“When I don my foremother’s necklace, an oddly comforting conversation-piece, I am humbled. Its five faces have accompanied me down the red carpet and up the entrepreneurial ladder — steps they dared not ascend in their lifetimes. Their spirits, dangling around my neck, remind me that I am nothing without guidance from voices of the past.”
Sure, I love Balenciaga, Céline, David Yurman, Gucci, Michael Kors, Mikimoto and Tiffany & Co., as much as the next brand-absorbed diva.
When I don my Foremother’s Necklace, an oddly comforting conversation-piece, I am humbled. Its five faces have accompanied me down the red carpet and up the entrepreneurial ladder — steps they dared not ascend in their lifetimes. Their spirits, dangling around my neck, remind me that I am nothing without guidance from voices of the past.
As a publicist-cum-family history researcher, chronicling the untold stories of my ancestors and their colorful heritage (European, Sub-Saharan African, and Native American) has always been vital to me. Over the past three years, as I settled into semi-retired status (only representing select clients), my inventive itch prompted me to start my next project — gutting out vintage pocket watches, with the idea of collaborating with a jeweler to create a Foremother’s Necklace.

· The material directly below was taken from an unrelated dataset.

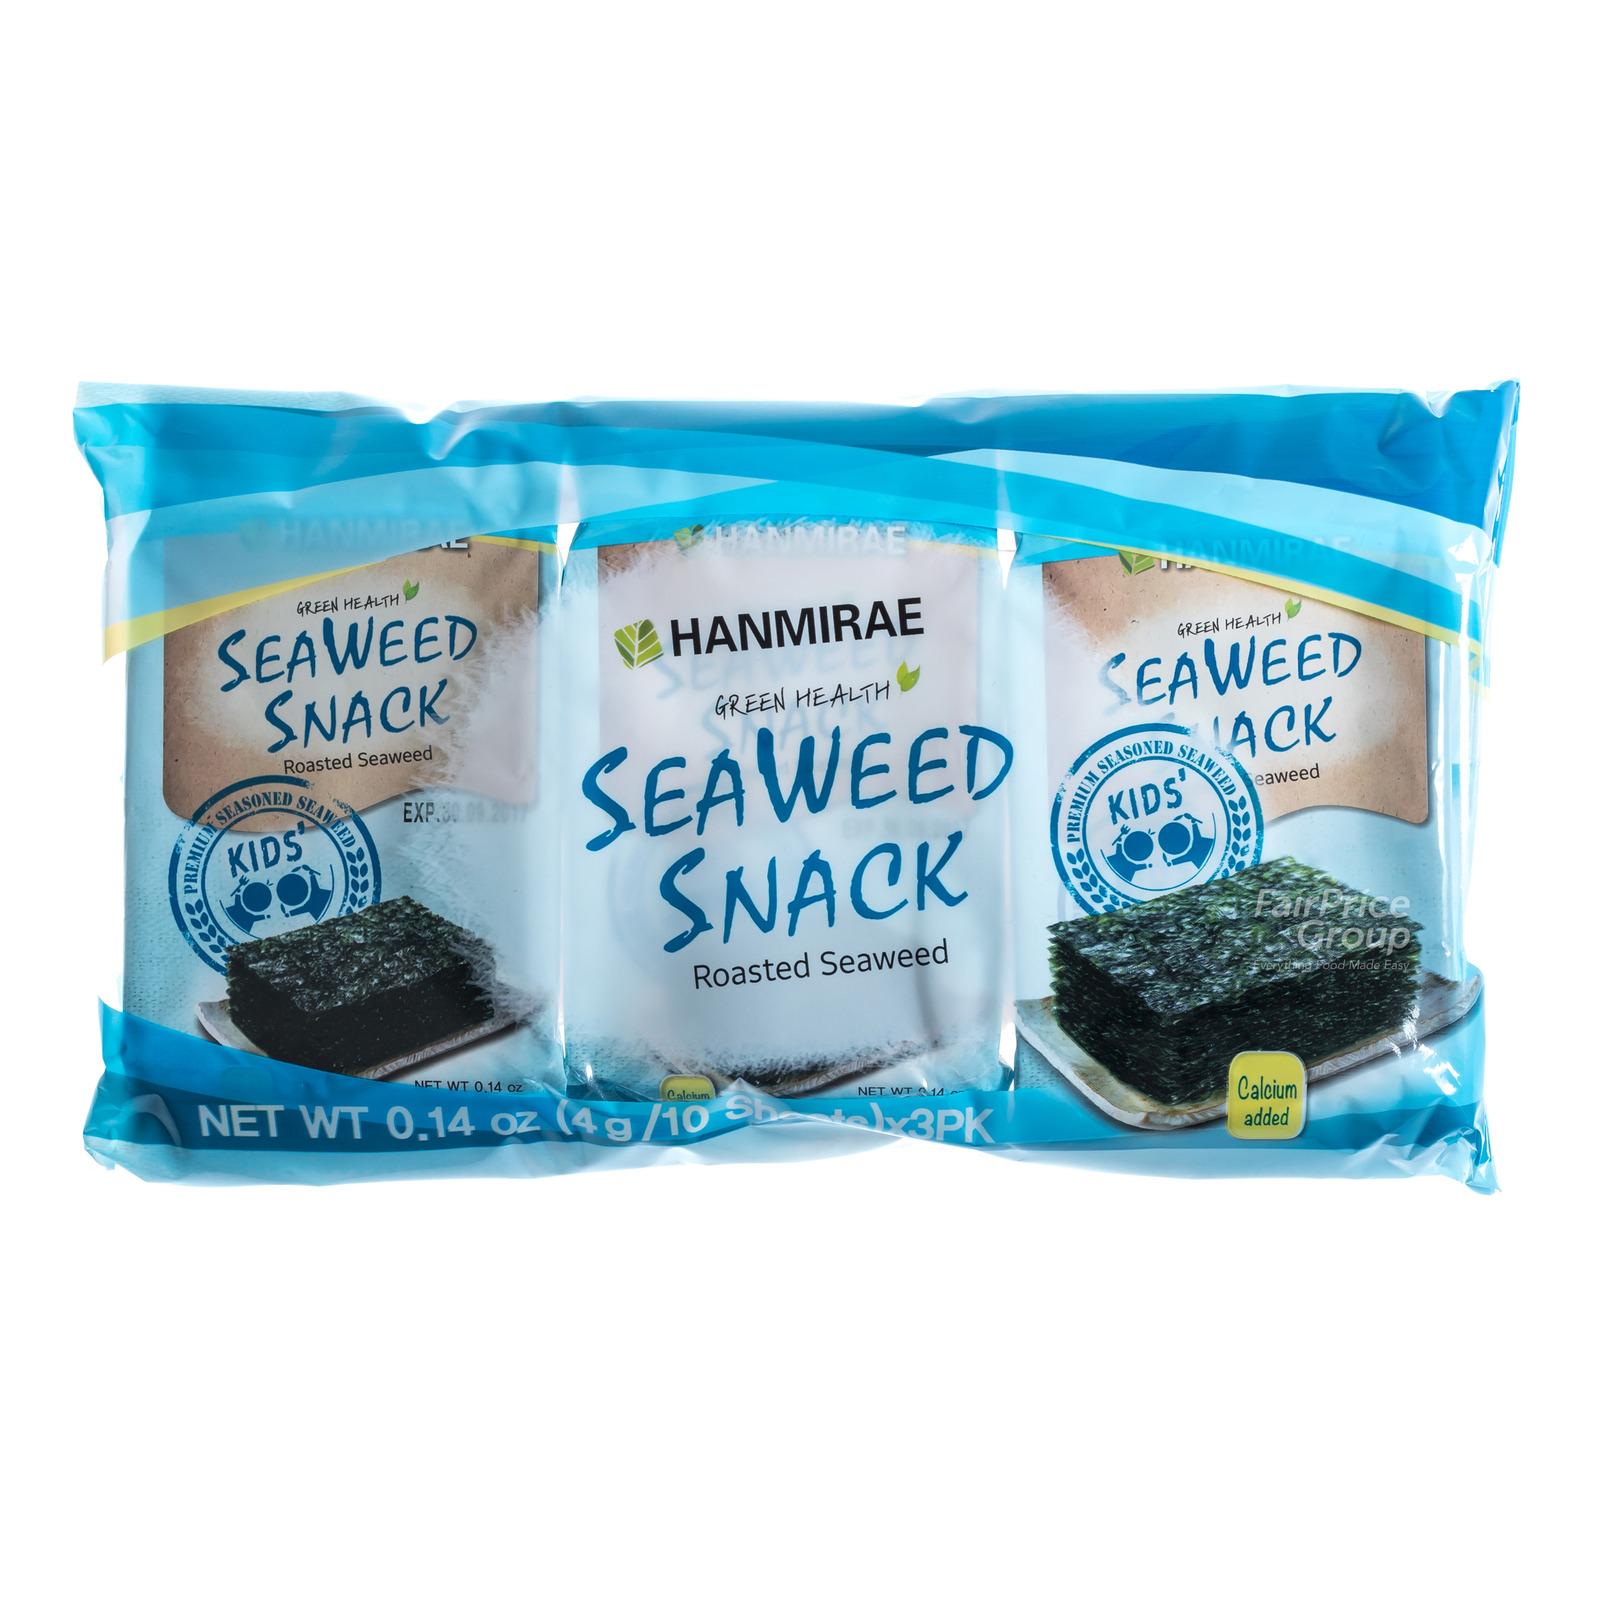 Hanmirae Seaweed Snack - Roasted

From rummaging through records of all types, to implementing a proposal that once won genetic DNA testing for family members, in 1999 I began chronicling the lives of my five overlapping tri-racial family lineages who originated throughout humble hamlets in Western North Carolina. My pictorial tributes had yielded a magnificent, full-color 420-page coffee table book, sold exclusively to family, depicting hundreds of restored black-and-white photographs, some dating back to the late 1800s. Other creations landed me on multiple episodes of Home & Garden Television before millions of viewers.
After a glamorous 25-year career that had access into the “all that glitters” environs of privilege and status, I realized that I not only wanted/needed to tell the stories of my forebears—but I yearned to wear a symbol of their strength and their struggles around my neck. My work had cast me jet-setting the globe and, of course, shopping for the now-insignificant baubles, gemstones, and beads, that collect dust in my jewelry box.
Not only am I one of few women that I know who can actually identify five generations of foremothers, but people are in awe that I can actually picture — look into the eyes of — five generations of maternal foremothers. I couldn’t allow the visual opportunity surrounding such a blessing to go to waste.